百合風と夜風はこくこくと緩慢に頷くとそそくさと部屋から脱出。
俺はというと投げ入れられた服から制服を探し当てて着替えた。
彗がさっと壁にかけられている針時計を見つめる。そして露骨にため息をついた。
「もうこんな時間だしご飯は食べられないね……」
「そんなことはないぞ、ほれっ」
がさごそと台所の中から袋に詰められたパンを発見し、彗に放り投げる。
「わっと。なにこれ、三色パン? にんじん、ピーマン、レンコン……」
「いいだろ? 栄養価たっぷりだ。何かしらんがこれが大量に買い置きしてある……」
彗はおもむろに袋を破ると丸いパンが三つ連結してくっついてトライアングルのようになっている三食パンを食し始めた。
直後、顔が歪んだ。
「うわ……何これ、まずい……何がとは言わないけどにんじんとピーマンとレンコンがジャムみたいになってるのって気持ち悪いね……」
「それしかないんだ。百合風と夜風の分も持ってこう」
「誰も食べないと思うけど……」
「えぇ!? こんなもの食べれるわけないよ!?」
「……はむはむ」
案の定、百合風は一口含んだあとなんとも言えない顔をしていたが夜風は何事もないように食している。

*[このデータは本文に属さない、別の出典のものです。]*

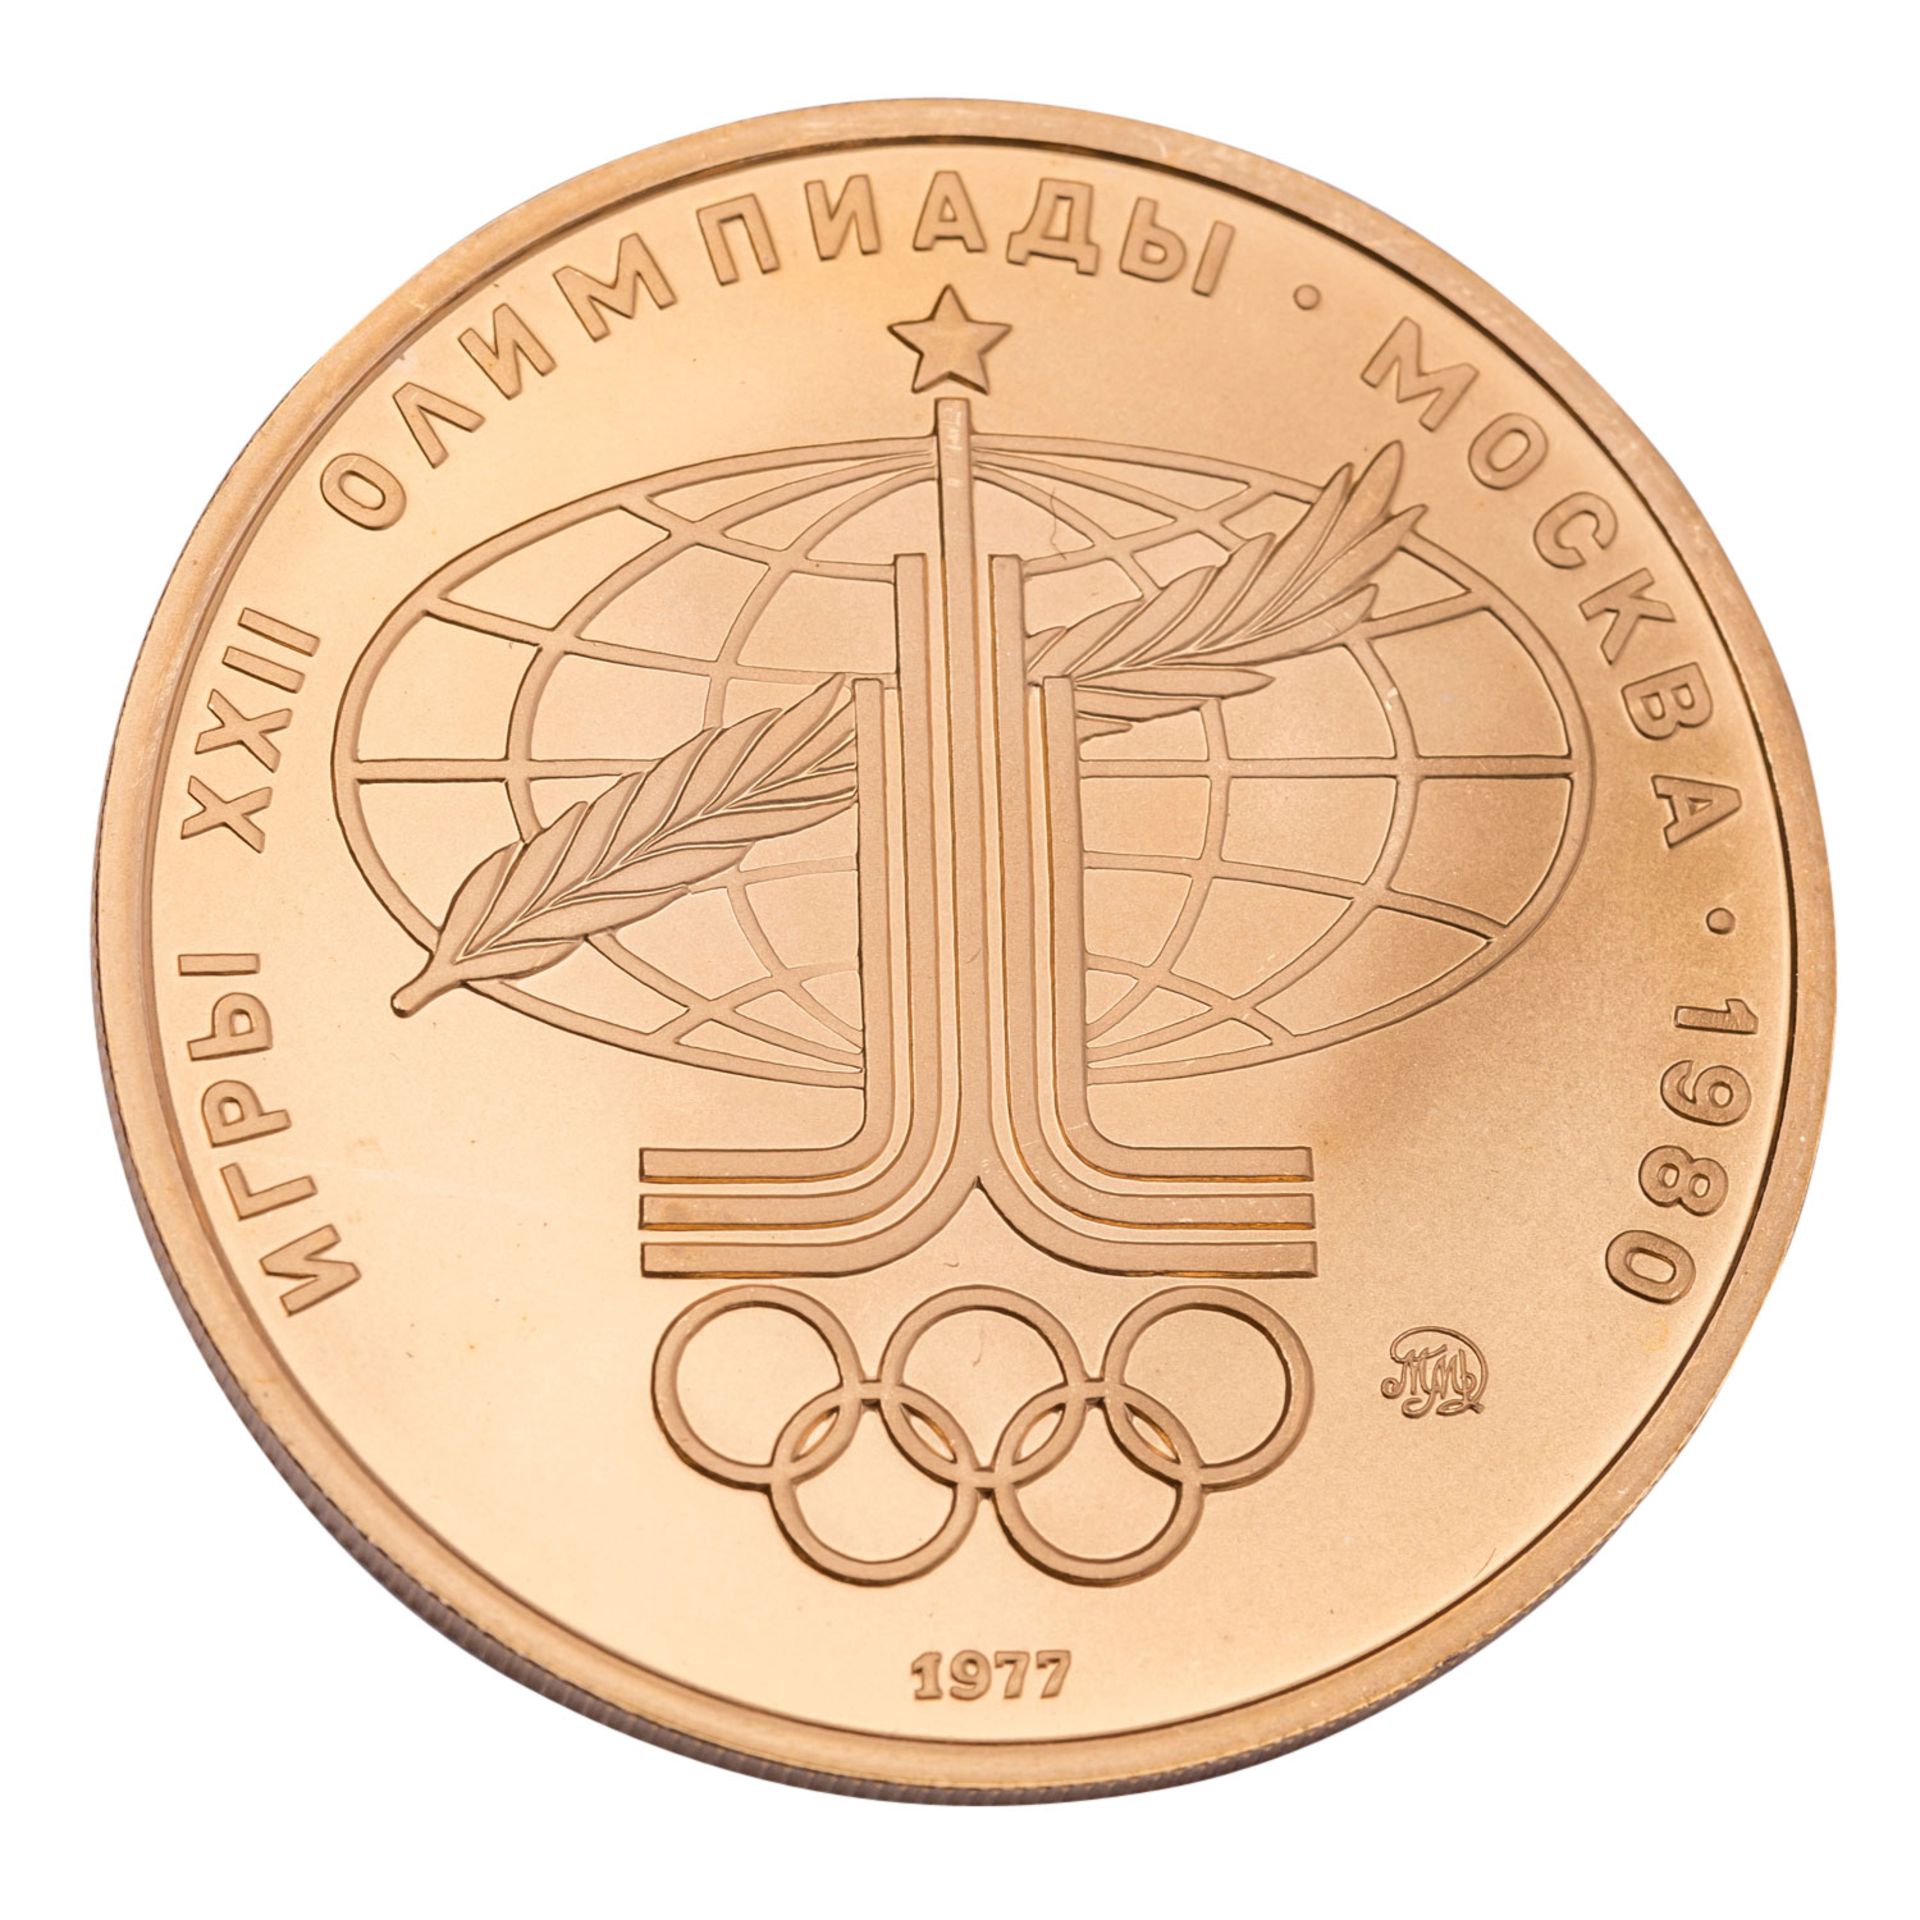 UdSSR/Gold - 100 Rubel 1977, Olympische Spiele Moskau 1980, - Image 2 of 2
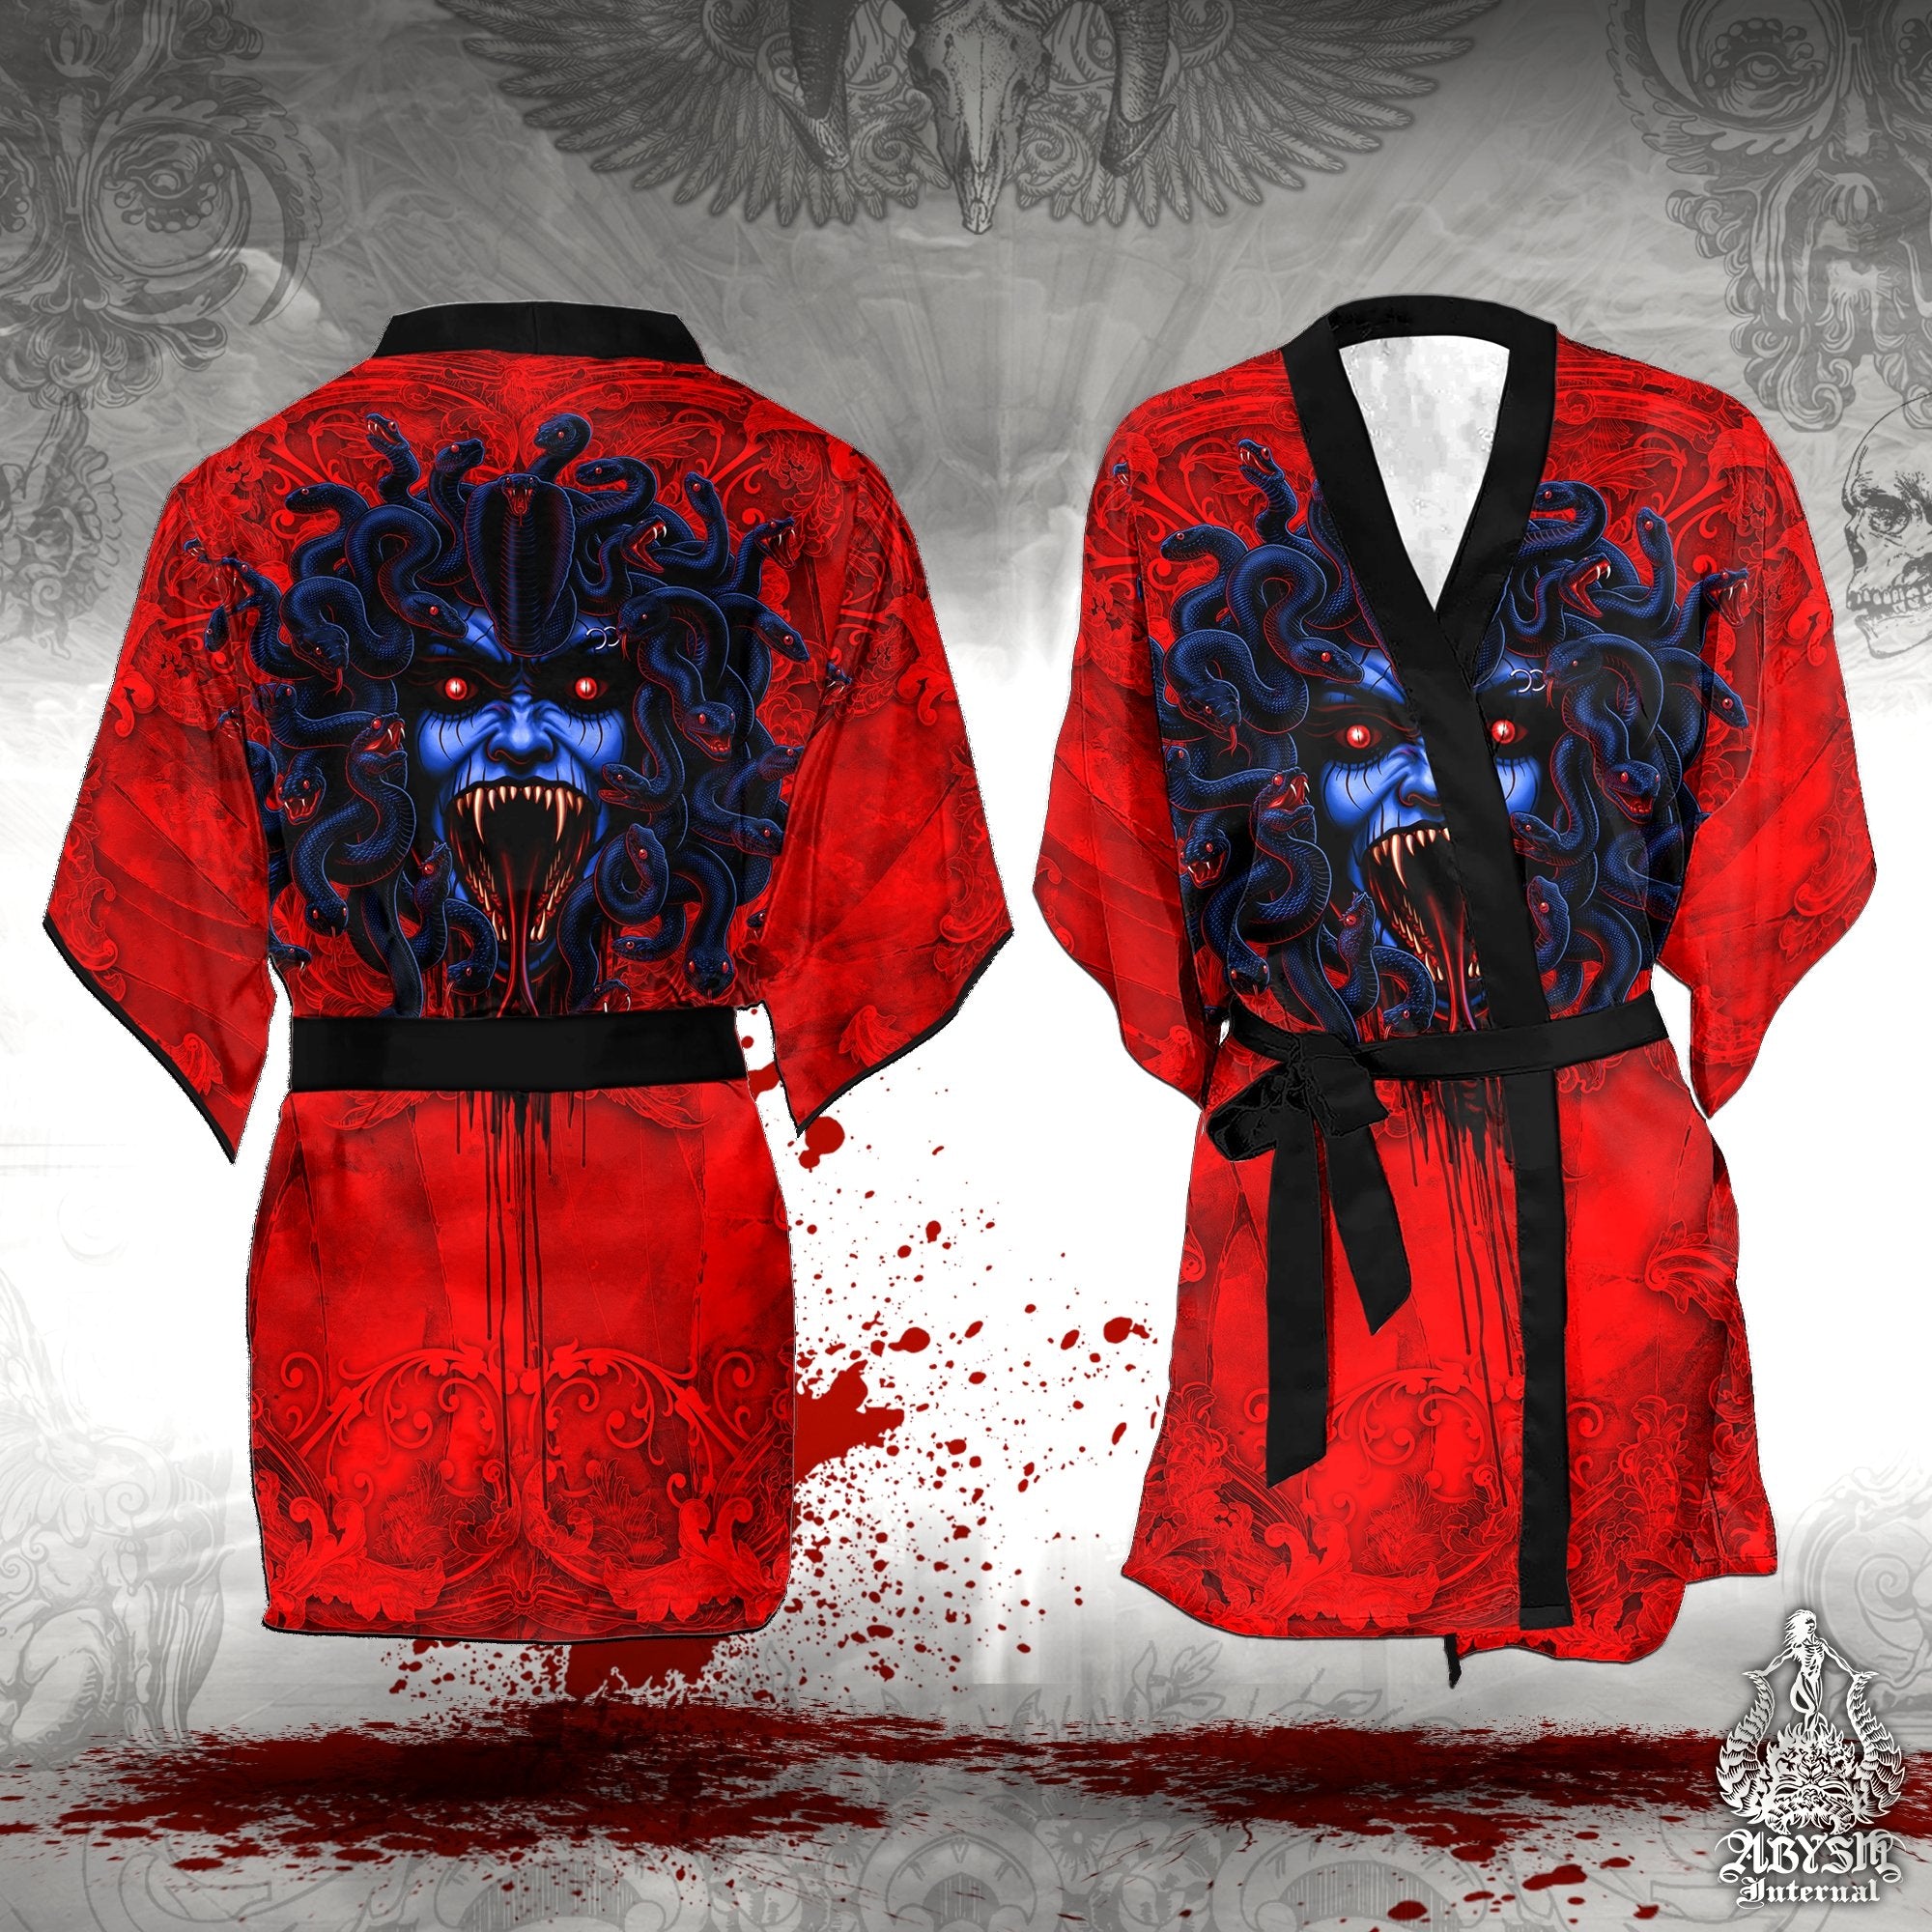 Medusa Kimono for Women - Lightweight Cardigan Cover Ups - Fits

俺も一口食べてみたが、なんとも言えない食べ応えであった。にんじんなどはジャムのようになっているのはもちろん、固形物としてにんじんと細切れにしたものなどがあったのだが……それが妙に食べづらく、またパンにもマッチしていないという最悪のパンであった。一体誰がこんなものを考えたのだ……。
確かに栄養価は高そうなのだが、それだけである。
「夜風こんなもの、食べられるの? まずかったらペッてしていいんだよ?」
折角持ってきたのにこんなものとは失礼な。
夜風は首をふるふると横に振った。
「……真のゲーマーたる者これぐらいただの栄養補給として舌が慣れているもの」
「むむー夜風が食べられてるのに私が食べないわけにはいかないわね……」
「ま、食べ物を粗末にするな、と言うらしいからな。我慢して食べながらいこう」
「そうだね……んむ……まずい」
「まずいな……」
「まずいね……」
「「「はぁ……」」」
「はむはむ……栄養栄養よきかなよきかな」
夜風は言葉通りに栄養補給と言ったところで顔色を変えずに食っている。
はぁ……何度も言うが大事なので言う!
まことにまずい。
なんで過去に戻ってきたらこんなことに、踏んだり蹴ったりだ。
……
例え踏んだり蹴ったりだったりしても、時は残酷に進む。
その間にも、世界は変わっていく……今頃地下帝国の王と日本の王が話し合っていたりするのだろう。今回の報酬とか今後どのように世界の歴史を改変するか……と言ったものを。
そして俺たちも佳境に立たされていた。
「はーい。それじゃーやりたい競技ある人ー」
クラスの委員長が黒板に体育祭の出し物を書いて体育祭の競技に出る人を募集していた。
時間を戻す前のこの日は確か俺と夜風と百合風と彗は全員で地下帝国へ行っていた。故にこの日の出来事――体育祭にて出る競技を決めることは初めての出来事である。俺たちにとって新鮮だ。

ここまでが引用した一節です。